**WORK REQUIRED:** Give the lines below again exactly, starting with the line that holds "PontoonLoader.com" and going on through the line that holds "Il suffragio universale".

**DATA IN THIS EXERCISE:**
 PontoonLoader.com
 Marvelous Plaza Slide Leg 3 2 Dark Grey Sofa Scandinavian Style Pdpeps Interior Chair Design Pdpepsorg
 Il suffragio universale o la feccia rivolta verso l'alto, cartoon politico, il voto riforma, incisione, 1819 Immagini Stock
--
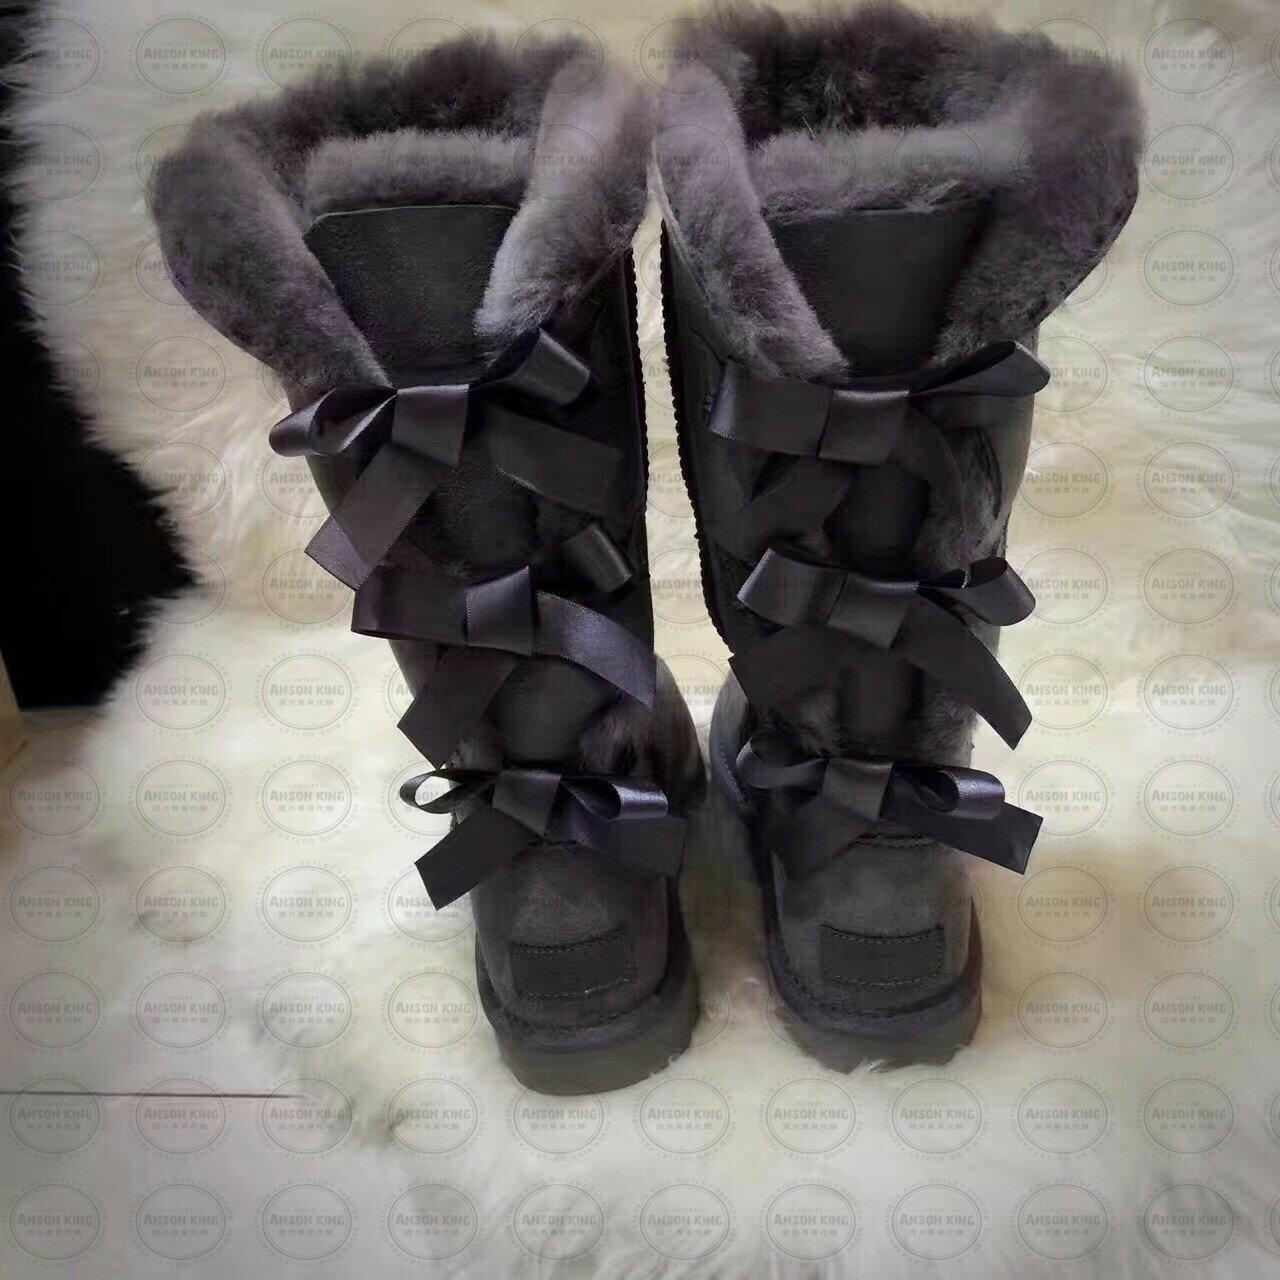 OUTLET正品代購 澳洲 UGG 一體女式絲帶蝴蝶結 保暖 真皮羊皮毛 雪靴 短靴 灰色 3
...
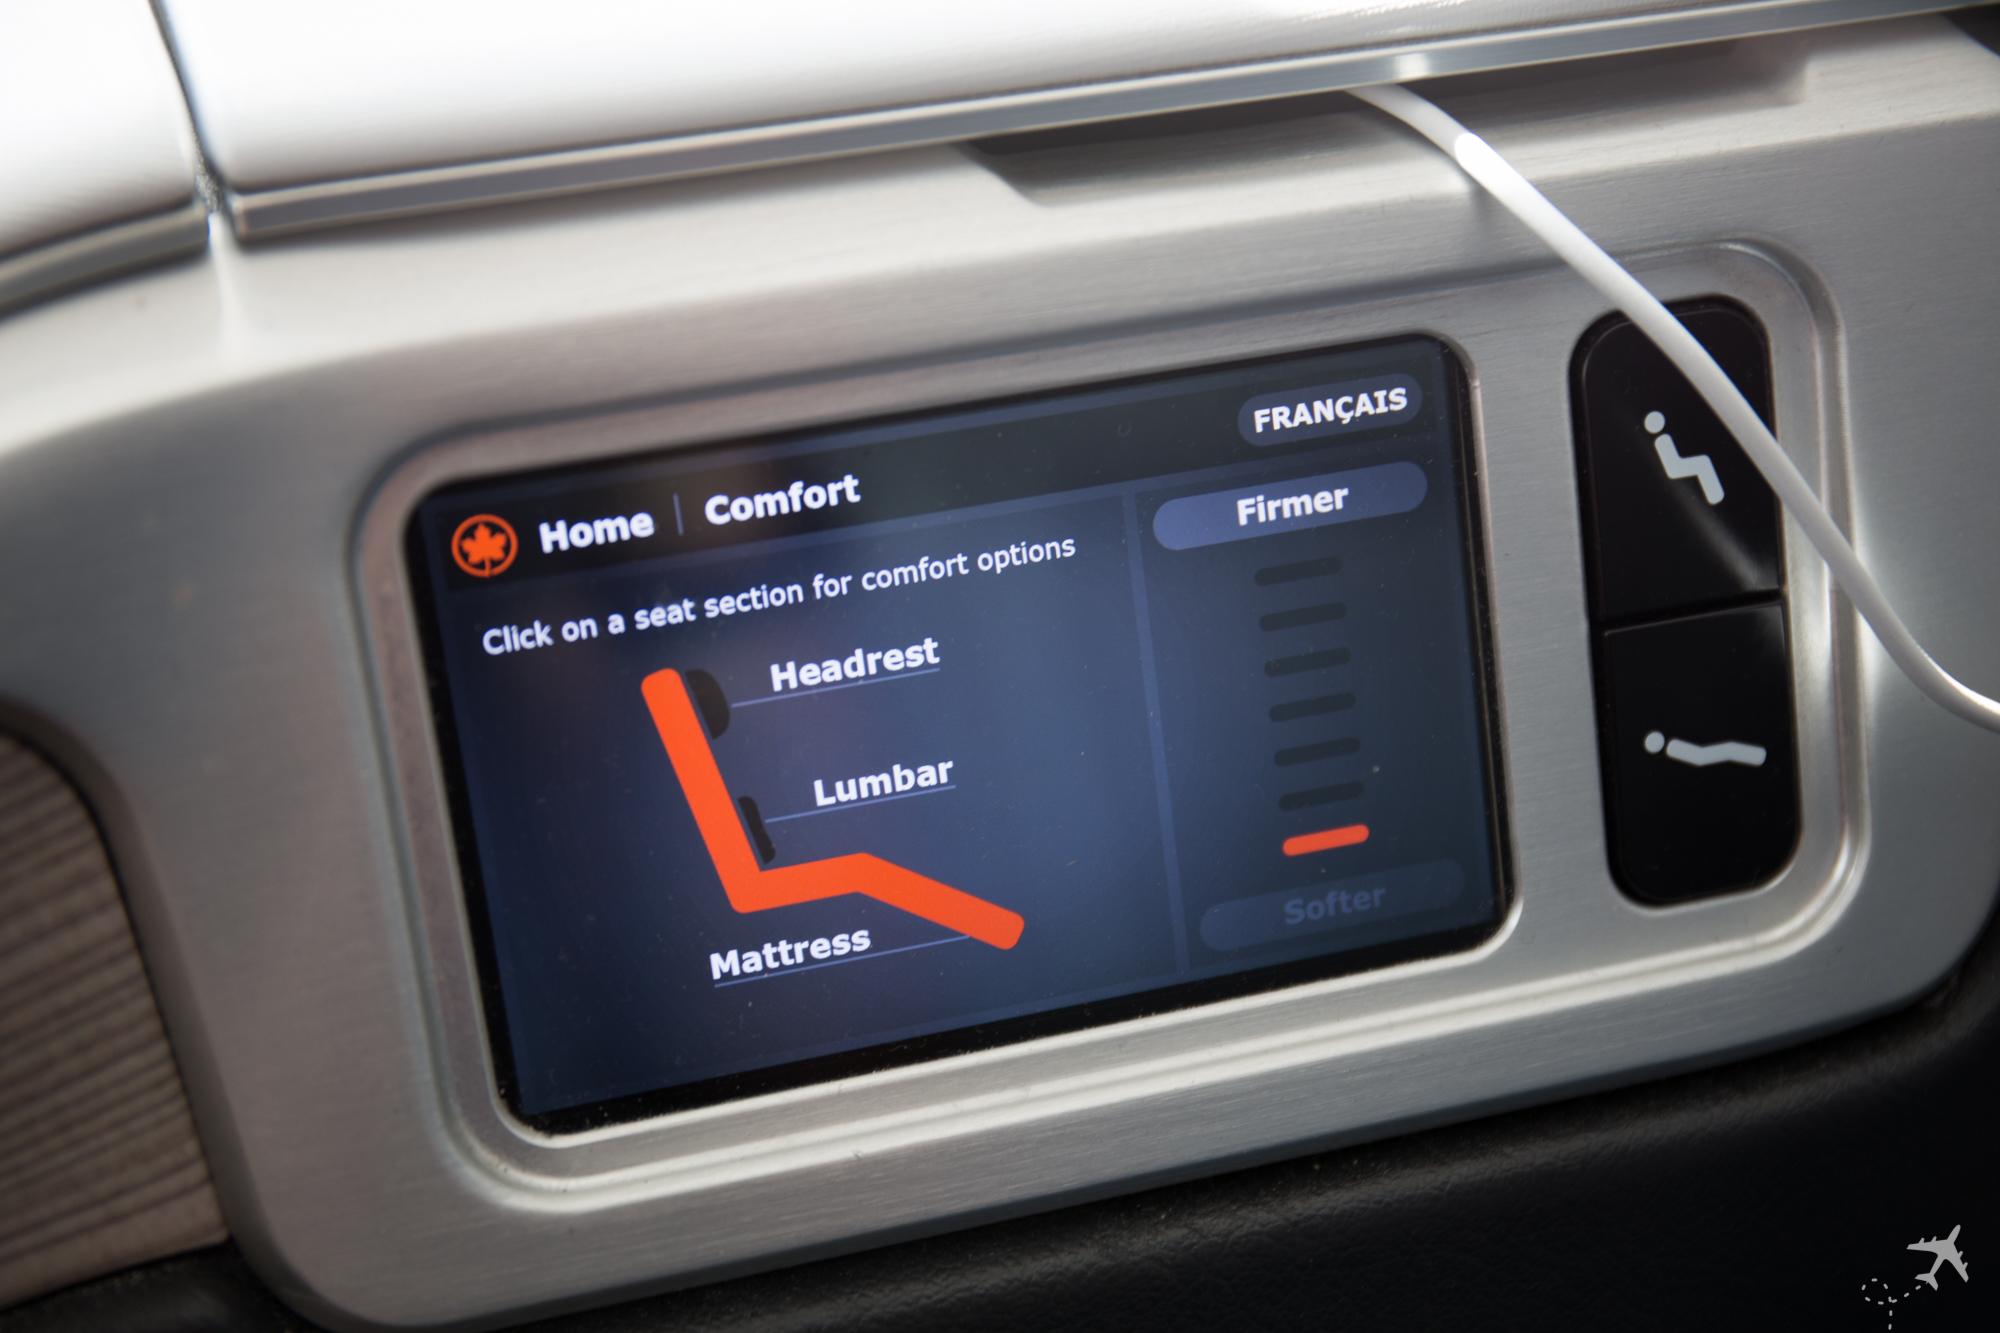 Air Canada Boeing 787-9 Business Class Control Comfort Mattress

**RESULT OF THIS EXERCISE:**
 PontoonLoader.com
 Marvelous Plaza Slide Leg 3 2 Dark Grey Sofa Scandinavian Style Pdpeps Interior Chair Design Pdpepsorg
 Il suffragio universale o la feccia rivolta verso l'alto, cartoon politico, il voto riforma, incisione, 1819 Immagini Stock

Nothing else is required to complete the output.